Praymar ran to the far side of the room and unbolted the metal door, hoping that there was a viable exit that way. Mr. Rokkafellah dashed to the far side of the room where the liqueur cabinet was located, in case of emergency. Bantum pulled out his warhammer. Hermel stood back, as did Star of Justice. Arik stood forward and hefted his shield. Although technically they had the creature surrounded on three sides, they still, overall, seemed overwhelmed by the many-eyed monster. It roared as it eyed everyone in the room many times over.
“Hey Ugly! Down here!” yelled Arik as he hefted his shield up and withdrew his battle-axe from his belt. His taunt failed, however, and the creature took aim at Bantum, striking him hard on the left arm with his club. Bantum grunted with the impact of the blow, but withstood it, and swung his warhammer in warlike reply, hitting the monster on the leg with a thunderous bone-cracking thud. The creature was shaken by the blow, as the sound of their confrontation echoed throughout the room.
“Foul demon!” cried Star of Justice. “May the Elkron of the Sun banish you back to the hell from which you came!” he bellowed as he invoked the Mystical Divine Strike of Eldrick. Unfortunately, Eldrik must have been looking the other way at that moment as the invocation fizzled, and nothing happened. Star of Justice thought he heard a small voice as though from a great distance say “Flashlight of Retribution, indeed.”
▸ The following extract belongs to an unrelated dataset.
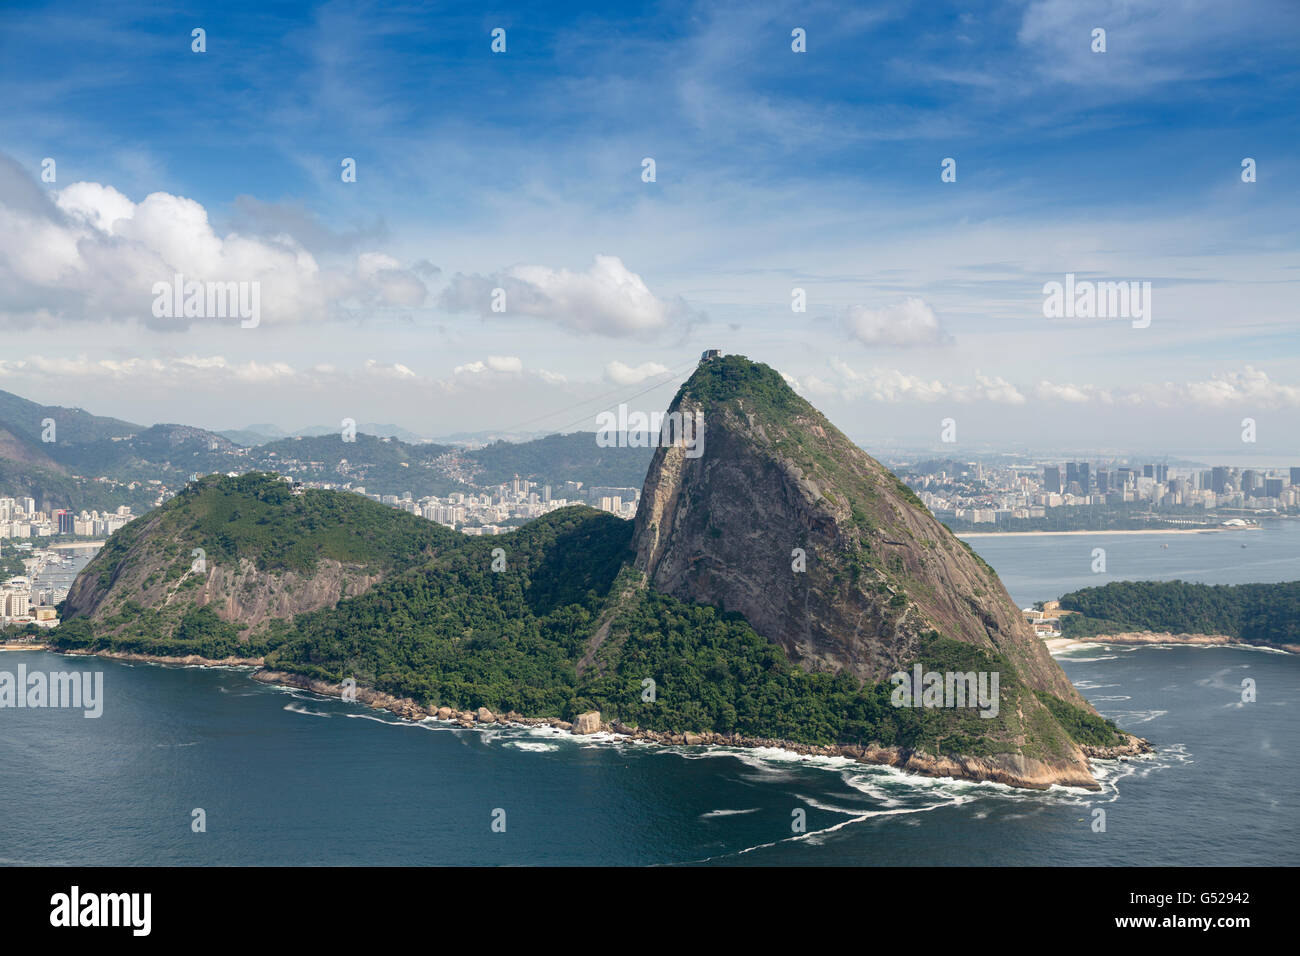 Vue aérienne de la baie de Guanabara, le pain de sucre et la ville de Rio de Janeiro Banque D'Images

Hermel leapt forward with his sword, and raced toward the monster, slashing at its belly with a graceful arc that splattered a wide splash of blood across the wall. Praymar ran forward and slid under the desk to reach out for the monster’s foot, upon which he performed his uncanny Mystic Drain. The creature wobbled. All twelve eyes blinked slowly. The monster brought his mighty hands up to his head and began to drool.
At that, Arik struck the creature with his axe. It crumpled to the ground with a heavy thud. Bantum struck the monster on the head with his warhammer, splattering brains and eyes all over the room. And that was the end of that Polyvizis.
Praymar gazed at the creature’s exposed belly, wondering what its gut-blood might happen to taste like. However, for the sake of his friends, he restrained himself, and instead took the creatures pouch from its belt. Inside he found ten iron pieces.
“Oh, yes!” squeaked the young albino with glee.
“I have to say,” said Mr. Rokkafellah from the corner, “you fellows are magnificent!” And with that he deftly opened the cabinet and toasted the AAA Adventure Group with a inordinately large swig of fine brandy, courtesy of Dr. Lobe.